Dia membuat wajahnya yang sakit dan tak bisa dijelaskan patennya: dahinya berkerut ke tengah dan dia mengerutkan hidungnya seperti baru saja menelan susu asam. "Hanya saja…"

"Ya?"

"Sekarang aku khawatir aku tidak akan pernah membaca buku lain yang sebagus Charlotte's Web."

Terlepas dari ketakutannya, Jonu terus membaca dengan lahap. Saya sangat bangga padanya sampai komentar dari seorang kolega menghentikan saya mati di jalur saya.

"Jonu berpikir bahwa perempuan lebih rendah daripada laki-laki, " guru memberi tahu saya. Guru kemudian menjelaskan bahwa selama diskusi tentang peran gender, Jonu berteori bahwa peran ini ada karena alasan biologis, dan karena itu masuk akal bahwa perempuan harus dianggap lebih rendah.

"Jadi, hei Jonu, " kataku dengan santai setelah kelas kami berikutnya. "Aku dengar kamu berpikir pria lebih unggul dari wanita. Benarkah itu?"

Matanya menunduk dan sedikit senyum muncul di wajahnya. “Baiklah Bu,” katanya, “bukankah biologi membuat kita seperti kita? Sebagai wanita? Itu membuat kita tidak melakukan banyak hal. Bukan begitu?"

"Sebenarnya tidak. Kita perlu membicarakan ini, karena saya tidak bisa mengajar seorang siswa yang berpikir wanita lebih rendah."

Saya berpikir tentang cara ibu saya dibesarkan, bagaimana tidak ada orang di sekitarnya yang memberi tahu dia bahwa, jika dia memilih, dia bisa lebih dari sekadar ibu rumah tangga.

Kami mendiskusikan ide sosialisasi dan bagaimana hal itu menentukan banyak norma perilaku. Tapi saya juga mengerti dari mana dia berasal. Sulit untuk tidak menerima posisi kita yang lebih rendah sebagai wanita ketika inferioritas kita adalah sesuatu yang telah tertanam dalam budaya, pikiran, dan kehidupan kita. Itu adalah cara ibu kita sendiri membesarkan kita.

“Perempuan disuruh tinggal di rumah dan memasak dan membersihkan, tetapi tidak ada biologi di balik itu. Pria juga bisa melakukannya, Anda tahu? Itu hanya yang diajarkan pada kita ketika kita masih anak-anak.”Aku berpikir tentang cara ibuku dibesarkan, bagaimana tidak ada orang di sekitarnya yang memberitahunya bahwa, jika dia memilih, dia bisa lebih dari sekadar ibu rumah tangga.

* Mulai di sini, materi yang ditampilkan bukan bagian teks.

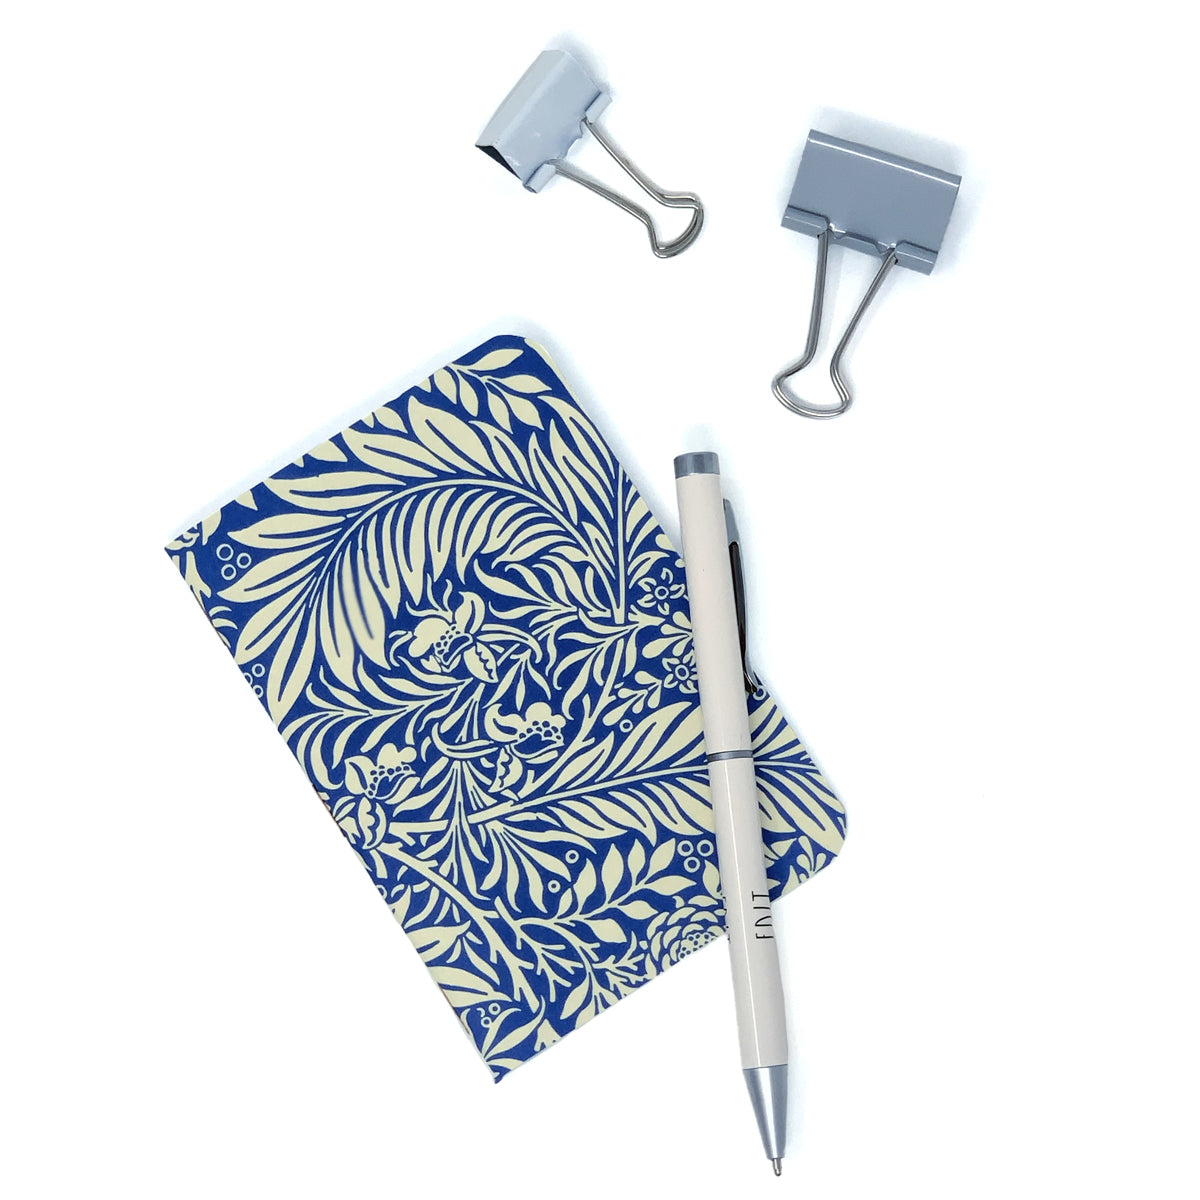 Pocket notebook with William Morris blue and off white floral pattern on cover. 2 binder clips and white pen sit next to the notebook on a white background.

Jonu mengangguk. "Ini adalah sesuatu yang masih kupikirkan."

"Apakah kamu pikir kamu akan pernah percaya bahwa wanita setara dengan pria di semua tingkatan?" Tanyaku.

Ya Bu.

"Segera?"

Dia tersenyum. “Setiap hari saya belajar cara berpikir yang berbeda tentang berbagai hal. Saya pikir saya bisa memikirkan hal ini secara berbeda juga.”

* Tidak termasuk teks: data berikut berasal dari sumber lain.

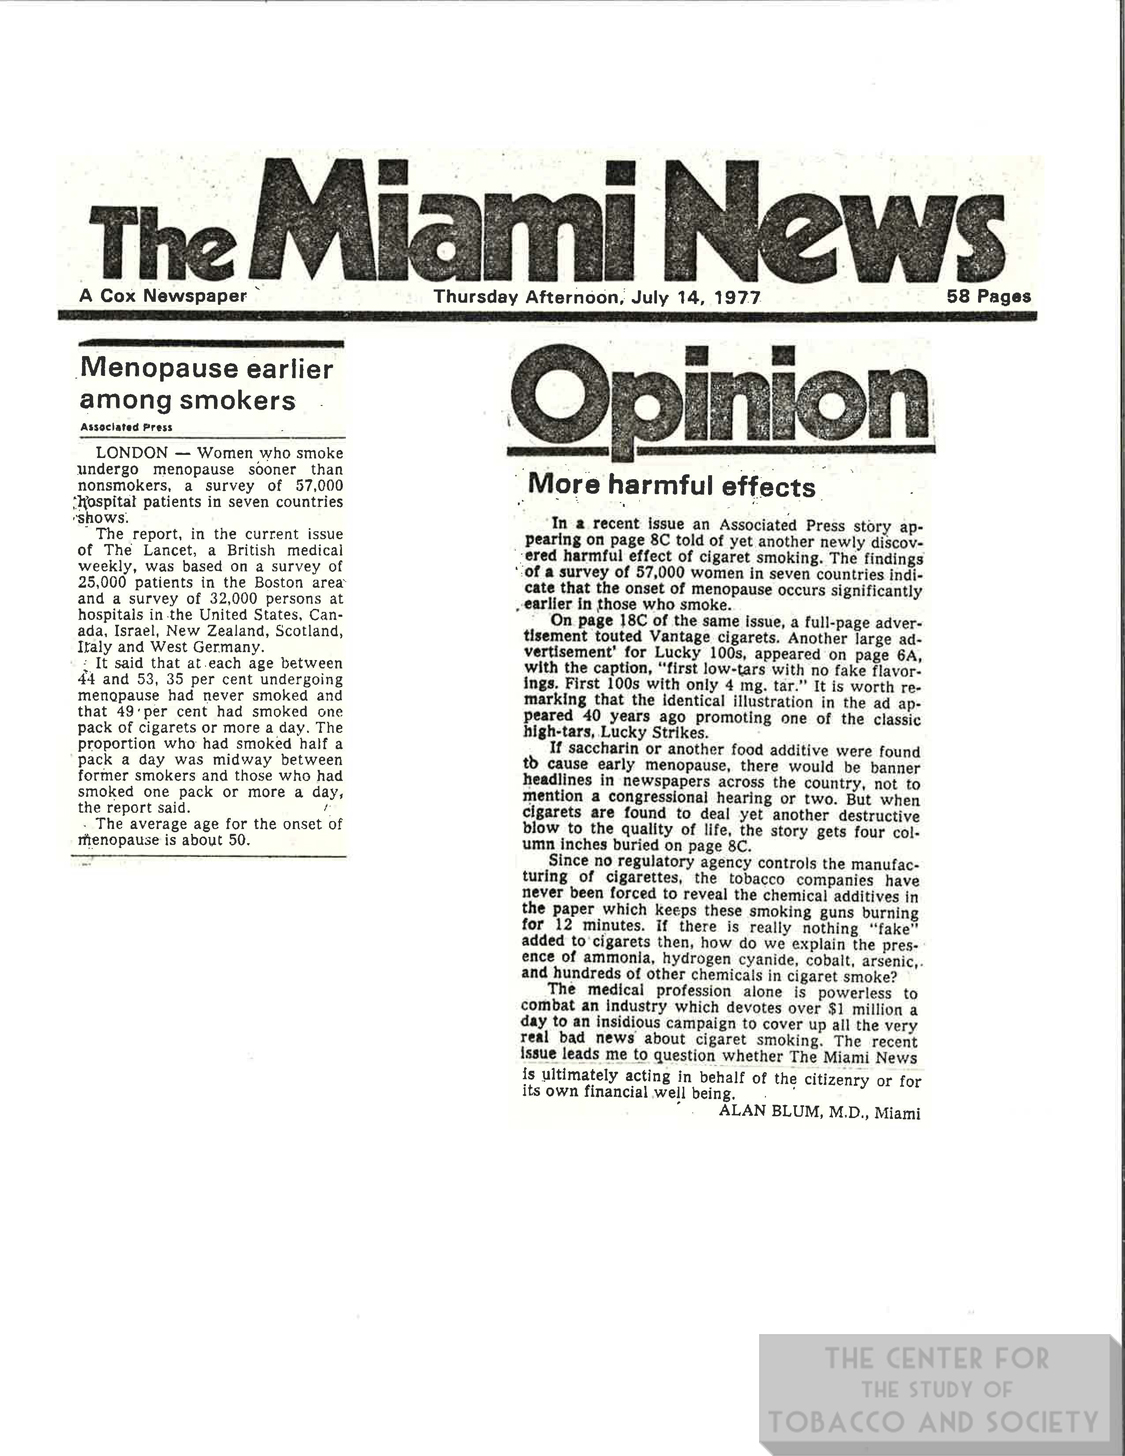 1977 Miami News More Harmful Effects AB Article

Ibuku tetap bingung mengapa di dunia ini aku akan bekerja tanpa uang, tetapi saat-saat seperti ini adalah gajiku. Saya mencoba menggunakan pengasuhan pragmatis saya untuk membantu orang lain bergulat dengan abstrak. Di sinilah siswa saya memutuskan untuk menyingkirkan harapan yang menyesakkan, untuk naik di atas mereka, dan untuk belajar demi belajar.